Why This Research Matters

Real assistants must ask the right questions before acting, or they waste time and make mistakes. InfoPO gives agents a clear, per-turn way to learn which questions actually help, even when final outcomes don’t yet separate good from bad attempts. This makes training faster and steadier, producing agents that clarify early and act confidently later. It works across tasks like travel planning, coding with someone, and customer support with tools. The method is theory-backed, practical to implement, and robust when the “user” changes style. As a result, we can build AI helpers that feel more thoughtful, save users time, and improve success rates in everyday workflows.

Detailed Explanation

Tap terms for definitions

01Background & Problem Definition

Let’s first set the stage and introduce the key ideas using simple stories.

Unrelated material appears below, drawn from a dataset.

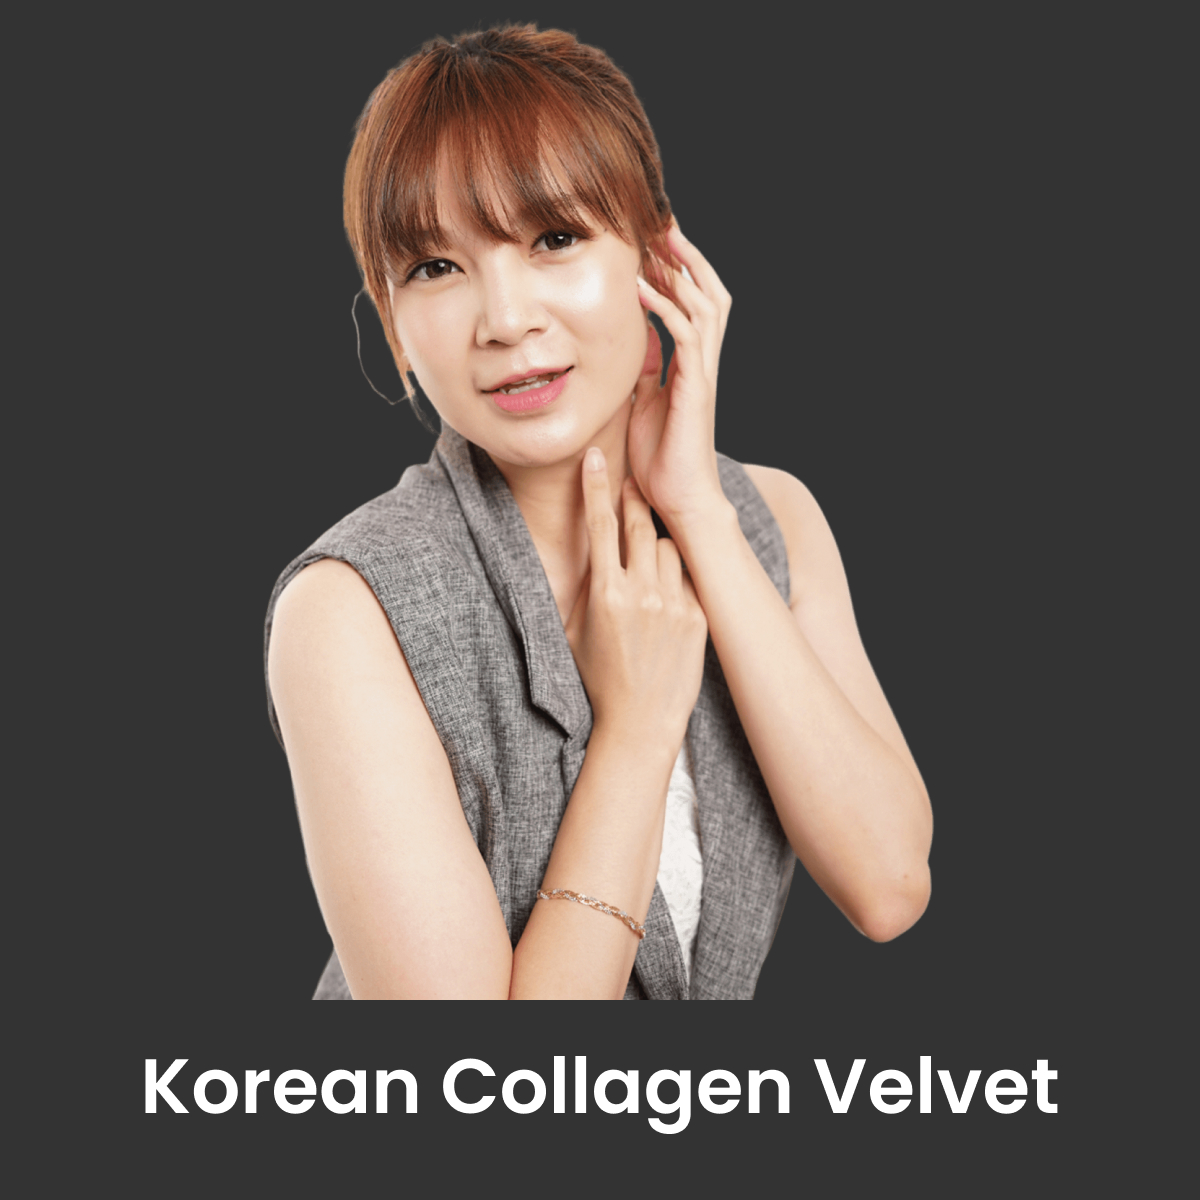 Korean Collagen Velvet

🍞 Hook: You know how when a friend says, “Book me a flight next week,” you can’t do it until you ask for the city, date, and budget? 🥬 The Concept (User-Centric Agents): These are AI helpers designed to talk with people, ask for missing details, and then do things. How it works: (1) Listen to the user, (2) Ask clarifying questions, (3) Use tools or take actions, (4) Check results, (5) Repeat until done. Why it matters: Without asking the right questions, the agent guesses and often fails. 🍞 Anchor: An agent can’t buy the right ticket if it doesn’t know “from where” or “how much you can spend.”

🍞 Hook: Imagine playing a turn-by-turn board game where each move depends on what just happened. 🥬 The Concept (Multi-Turn Interactions): This means solving tasks through back-and-forth steps. How it works: (1) Agent says/does something, (2) User/environment responds, (3) Agent updates its plan, (4) Repeat. Why it matters: Without multi-turn thinking, the agent can’t adjust or refine its plan. 🍞 Anchor: A travel chatbot that first asks your budget, then checks hotels, then confirms booking is doing multi-turn interaction.

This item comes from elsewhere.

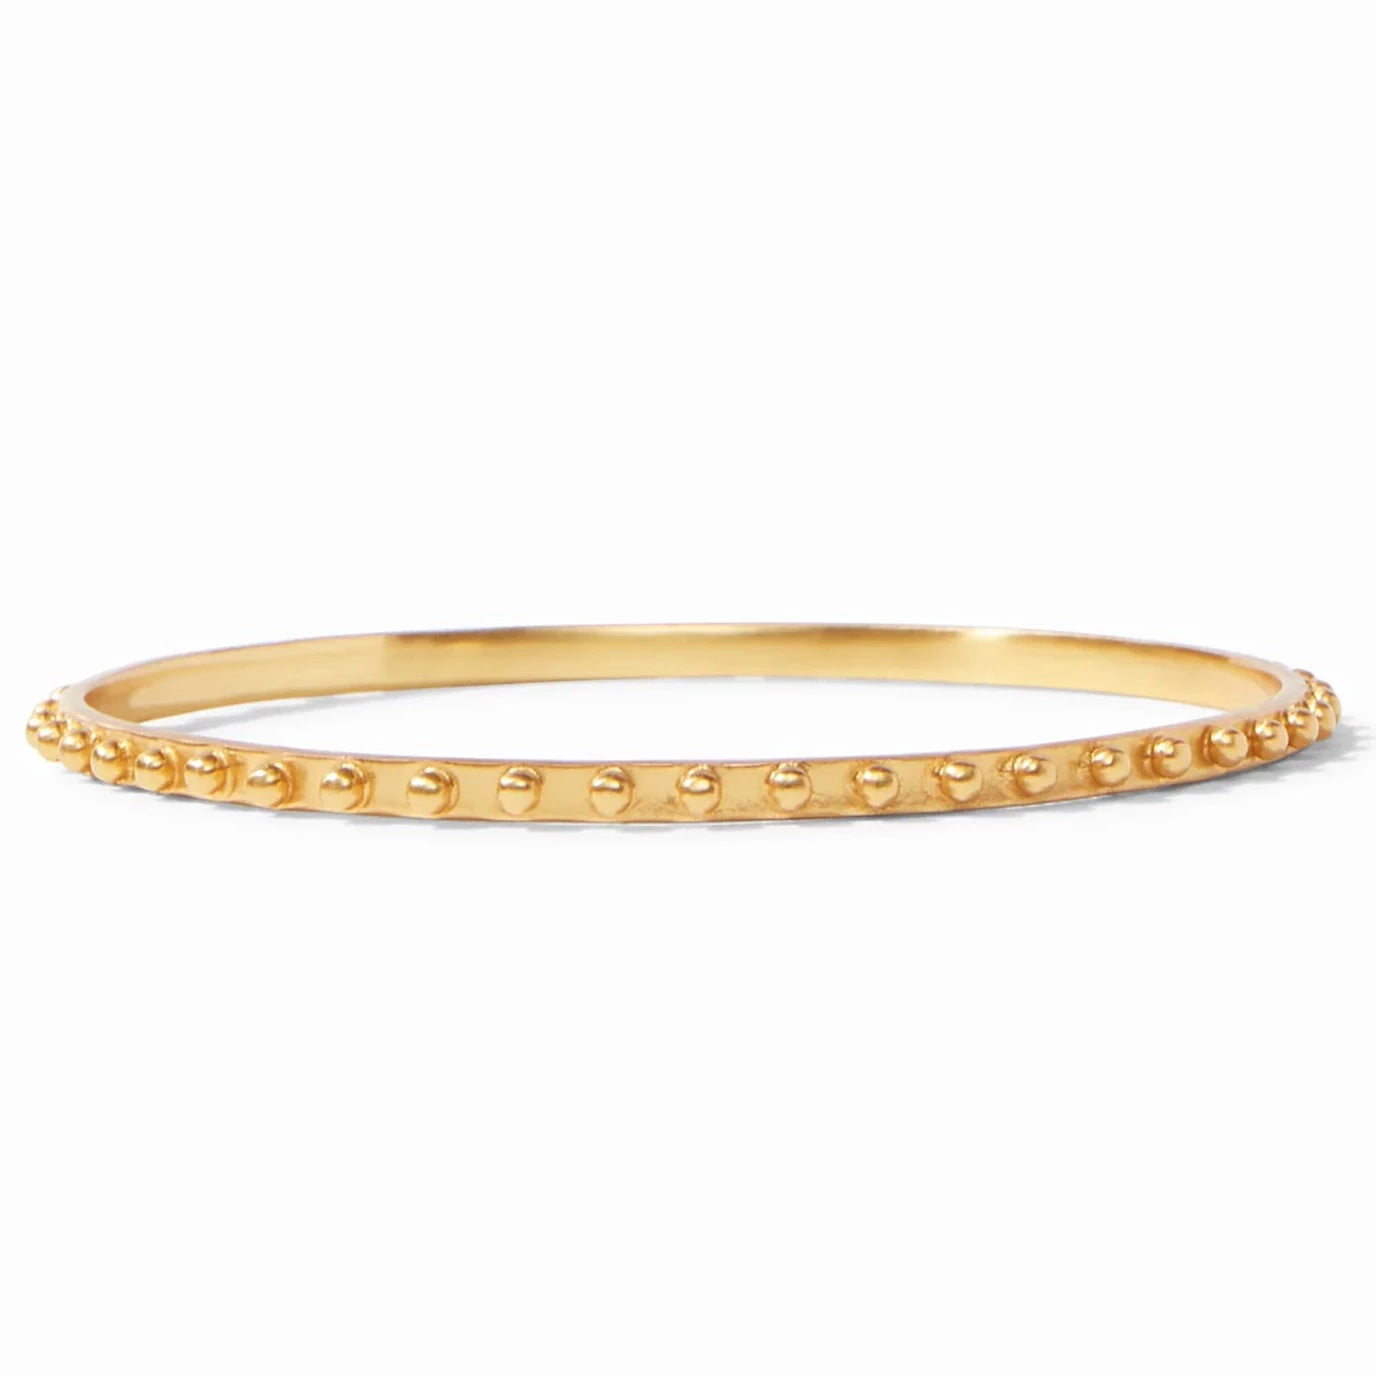 Julie Vos 24K Gold Plated SoHo Bangle Bracelet, Medium

🍞 Hook: Think of getting a single grade at the end of a long group project—hard to know who helped and when. 🥬 The Concept (Credit Assignment Problem): It’s hard to tell which specific step in a long process caused success or failure. How it works: (1) Many steps happen, (2) You get one final reward, (3) It’s unclear which steps deserve credit. Why it matters: If we can’t reward the right steps, the agent learns slowly or learns the wrong lessons. 🍞 Anchor: If the agent asked a great question early but messed up the final tool call, a single “fail” score hides that the question was helpful.

🍞 Hook: Imagine a teacher who only gives a final score but no comments on your answers along the way. 🥬 The Concept (Reinforcement Learning, RL): A way to train agents by giving rewards or penalties based on what they do. How it works: (1) Agent tries actions, (2) Gets rewards, (3) Updates policy to do better next time. Why it matters: Without the right rewards at the right time, RL agents struggle on long, chatty tasks. 🍞 Anchor: If a chatbot only gets a score at the very end of a 10-turn conversation, it doesn’t know which question helped.

The world before InfoPO: LLM agents could chat, use tools, and complete simple tasks, but they struggled when user requests were underspecified. Many RL methods for agents used group-relative policy optimization (GRPO), which compares several rollouts for the same prompt to reduce noise. However, they mostly computed a single “trajectory-level” score. This makes learning fragile, especially when the group’s outcomes are all similar (like everyone failing in the same way). Even worse, “honorable failures” (the agent asked great clarifying questions but made one bad final call) gave a zero reward, so good questioning wasn’t reinforced.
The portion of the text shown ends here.